* _WHAT TO DO_
Once the line with "Color - Yellow" is found in the entries below, repeat it and each following line exactly, up to and including the line with "Light wear consistent". Add no other lines.

* _STUDY MATERIAL_
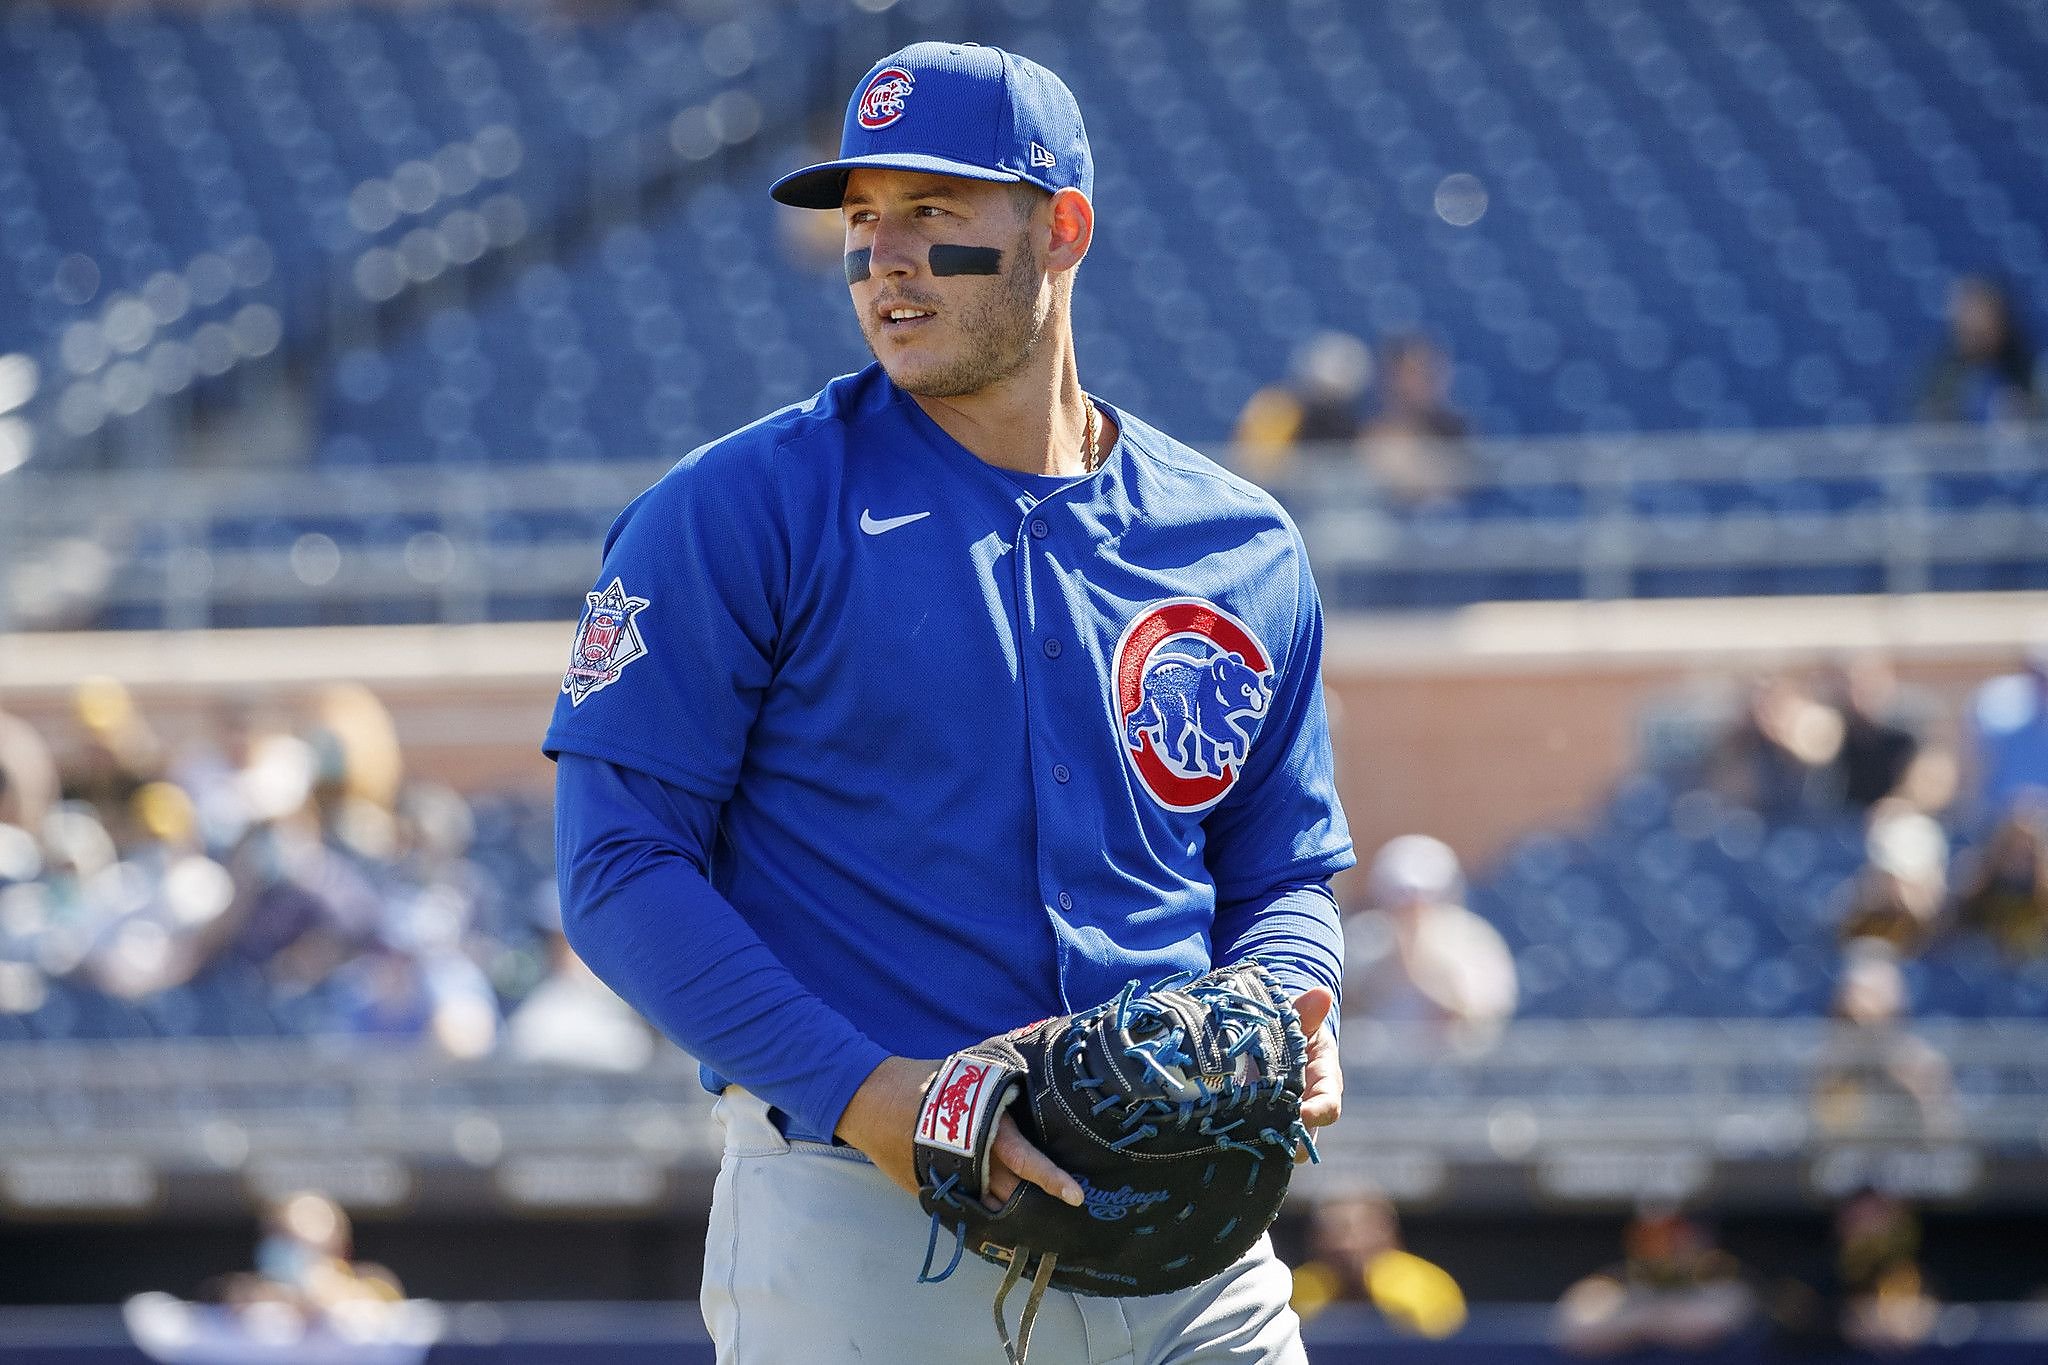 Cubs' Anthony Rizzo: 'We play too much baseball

* * *

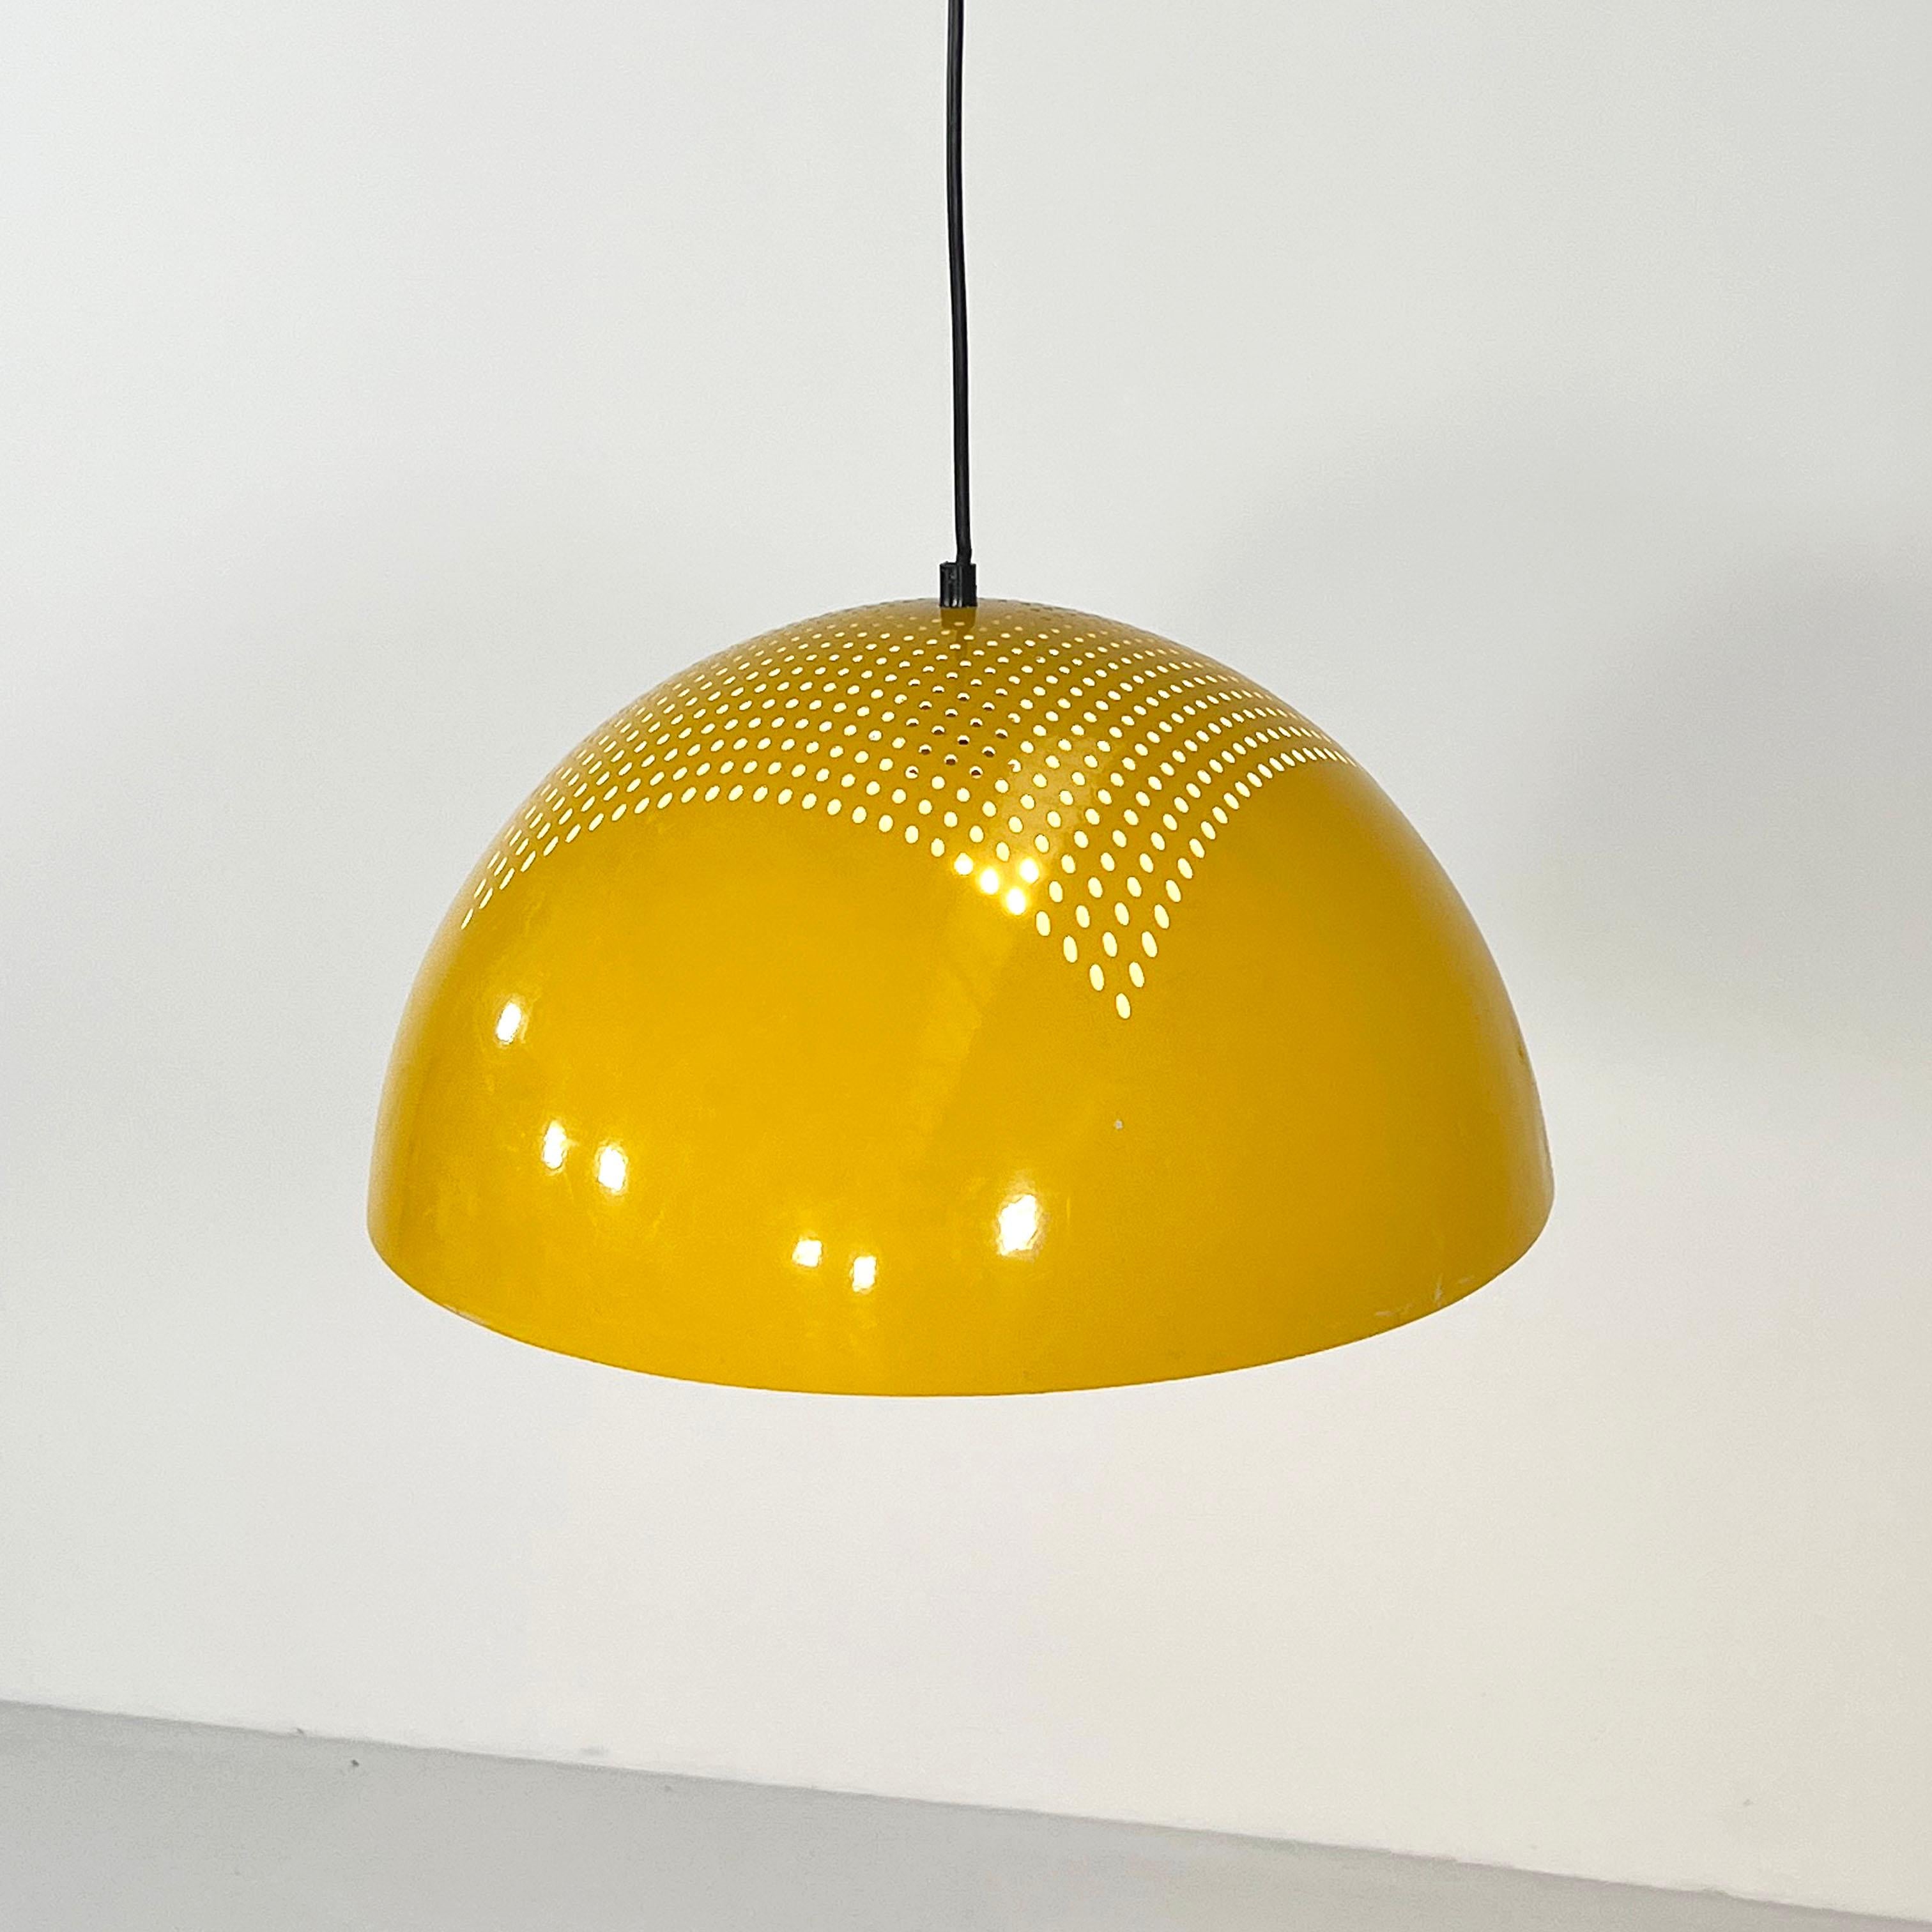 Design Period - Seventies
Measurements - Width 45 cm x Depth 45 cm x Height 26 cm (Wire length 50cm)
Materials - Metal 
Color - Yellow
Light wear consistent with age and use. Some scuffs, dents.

* _ANSWER_
Color - Yellow
Light wear consistent with age and use. Some scuffs, dents.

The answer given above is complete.